Nuova battuta d'arresto per il procedimento che dovrebbe far luce sull'ipotesi che il colosso tedesco abbia versato centinaia di milioni di mazzette ai politici ellenici per oliare gli appalti nella difesa e nelle telecomunicazioni

Atti non tradotti, scioperi ad oltranza e ora un giudice che non “se la sente” di partecipare al più importante processo dalla fine del regime dei colonnelli ad oggi in Grecia. Il processo per il caso Siemens, il colosso tedesco che avrebbe pagato tangenti milionarie ai politici ellenici, dopo 10 anni di indagini è stato di nuovo rinviato, perché un giudice ha chiesto di essere sostituito. Il precedente rinvio era del luglio scorso, perché il verbale dell’accusa non era stato tradotto correttamente in francese e tedesco, le lingue native di 13 dei 64 imputati, che hanno generato polemiche e risentimenti tra la popolazione già zavorrata dalla crisi. Poi per il secondo semestre del 2016 era stato bloccato a causa dello sciopero degli avvocati.

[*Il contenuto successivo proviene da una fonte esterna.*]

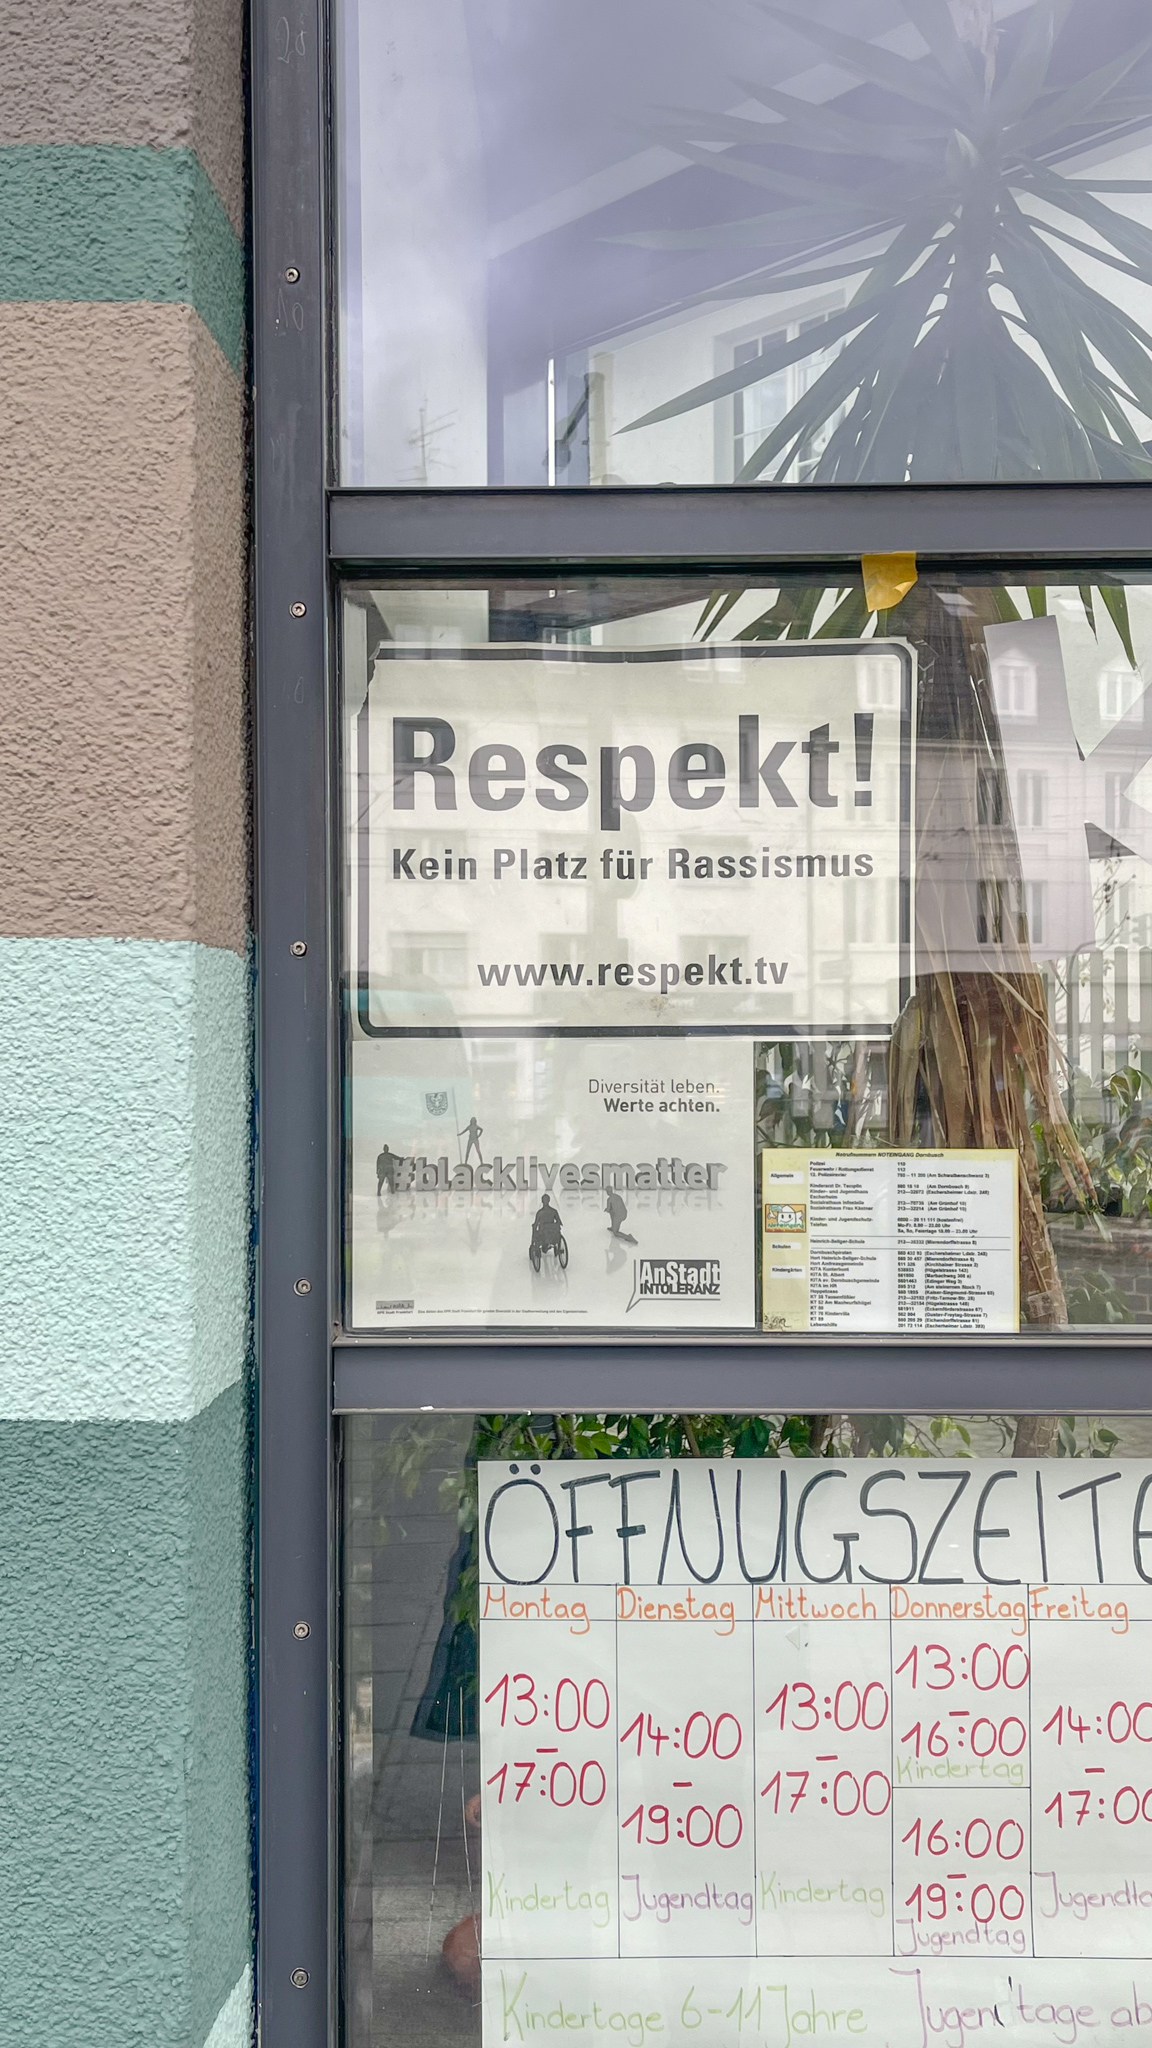 길을 걷다가 반가운 문구가 보여서 찍었다. “인종차별이 설 자리를 없게 하자(Kein Platz für Rassismus)”

Insomma, di andare a giudizio proprio non interessava a nessuno nonostante le rivelazioni dell’ex direttore generale della Difesa ellenica, Antonis Kantàs non lasciassero dubbi di sorta. Parlò davanti ai pm di tangenti per armi e carri armati consegnate in alcuni borsoni sportivi, talmente tanti che alla fine aveva smarrito il conto finale. In ballo 170 carri armati Leopard 2A6 Hel dalla tedesca Krauss-Maffei Wegmann (KMW), per i quali Kantà avrebbe ricevuto un totale di 1,7 milioni di euro da un intermediario greco. Oltre a 1,5 milioni per la fornitura di missili Stinger e 600mila euro per i caccia F-15. Al momento in carcere è rimasto solo l’ex ministro socialista e plenipotenziario di Papandreou senior, Akis Tzogatzopoulos, mentre altre figure di spicco sono morte: è il caso dell’ex ministro Leonidas Tzanis, trovato in casa impiccato nell’ottobre del 2012 a Volos e del mercante d’armi internazionale Vlassis Karambouloglu trovato morto a Jakarta in una stanza d’albergo. Entrambi legatissimi a Tzogatzopulos.

Telecomunicazioni e difesa sono i due i filoni che compongono l’inchiesta Siemens, sulle ipotetiche tangenti versate dalla multinazionale in giro per il mondo, secondo le ipotesi pari a ben 1,3 miliardi di euro nel periodo 1999-2005 per ottenere vari contratti. Di tale somma, almeno 130 milioni sarebbero stati distribuiti tra i politici e gli alti funzionari in Grecia. Dal 1990 Siemens è stato il fornitore quasi esclusivo di prodotti high-tech per lo Stato e per le imprese pubbliche in Grecia. I contratti più significativi riguardavano la fornitura di tecnologia digitale per le telecomunicazioni pubbliche dell’azienda OTE, il sistema di sicurezza per le Olimpiadi di Atene e il sistema di telecomunicazioni delle Forze Armate elleniche.

I 64 imputati sono accusati di tangenti e riciclaggio di denaro, e per alcuni di loro potrebbe profilarsi l’ergastolo. Uno dei più influenti funzionari di Siemens in Grecia in quel periodo, Michalis Xristoforakos, fuggì in Germania nel 2007 dove chiese di essere lì giudicato. Secondo fonti giornalistiche sarebbe stato molto vicino alla famiglia dell’attuale leader conservatore di Nuova Democrazia, Kyriakos Mitsotakis, il cui partito è primo nei sondaggi a dieci punti da Syriza. Tra l’altro durante le indagini, l’ex braccio destro dell’ex primo ministro Kostas Simitis, Zeódoros Tsukatos, ammise di aver ricevuto tangenti per mezzo milione di marchi tedeschi (250.000 euro) nel 1999. Anche l’allora ministro dei Trasporti, Tasos Mandelis, ammise nel 1998, di aver ricevuto un “dono” di 200.000 marchi tedeschi da parte di Siemens. Lo scandalo è stato anche intrecciato in Grecia con la Lista Lagarde degli illustri evasori, in cui figurano nomi legati a quegli appalti.